No Brasil, eu entendo como necessário ampliar corajosamente as leis sobre crimes de ódio, de um lado,  para além daqueles motivados pelo preconceito de cor e de raça (racismo e injúria racial), de procedencia nacional ou étnico, de religião, contra idosos e deficientes, incorporando a homofobia; por outro lado, para além de determinadas práticas, desde os assassinatos promovidos por grupos de extermínio ou esquadrões da morte e genocídios classificados como crimes hediondos, incorporando, de forma ampliada, as demais modalidades de crime de ódio incluindo as práticas de bullying em quaisquer contextos, sejam escolares ou não.
Neste sentido, a educação para a tolerancia e solidariedade democráticas dos cidadãos deve ocorrer desde a infância passando por todos os níveis da educação básica e ensino médio. A homofobia estaria incluída como algo a ser execrado em nome da convivencia republicana para a qual as crianças, adolescentes e jovens são formados. A função da educação, acima de tudo, é a de promover a inserção de forma competente e crítica mulheres e homens na esfera pública democrática e em todo seu arcabouço valorativo, sem que se despreze seus valores privados os quais devem estar em consonância com os princípios de Direito.

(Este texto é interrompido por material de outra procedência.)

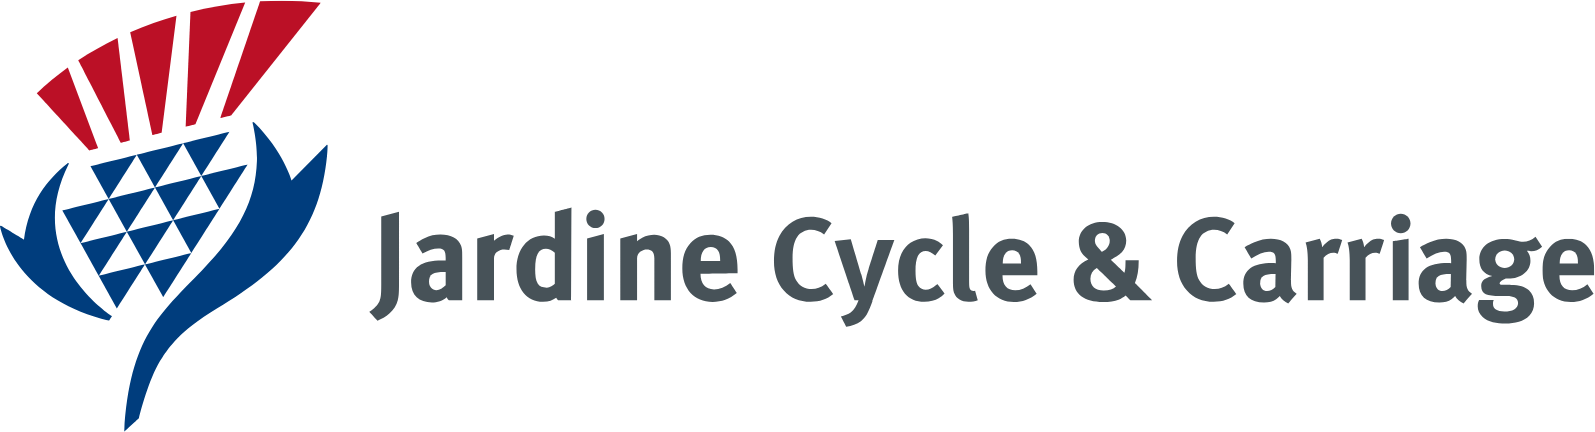 Jardine Cycle & Carriage logo large (transparent PNG)

Em conclusão, como se pode observar, defendo leis e praticas mais amplas orientadas para a cidadania. Não vejo sentido em praticas atomizadas e fragmentadas. O problema da homofobia se enraíza em um solo mais profundo, do qual faz germinar tantas formas de preconceito que sustentam crimes de ódio. Para isso é preciso que as militancias GLBT tenham coragem de buscar racionalmente mover a opinião mais ampla e para isso devera olhar a sociedade para além de sua visão ensimesmada de gueto. A problematica do ódio, do preconceito e da discriminação é um mal que precisa ser melhor diagnosticado e atacado de forma mais ampla e eficaz.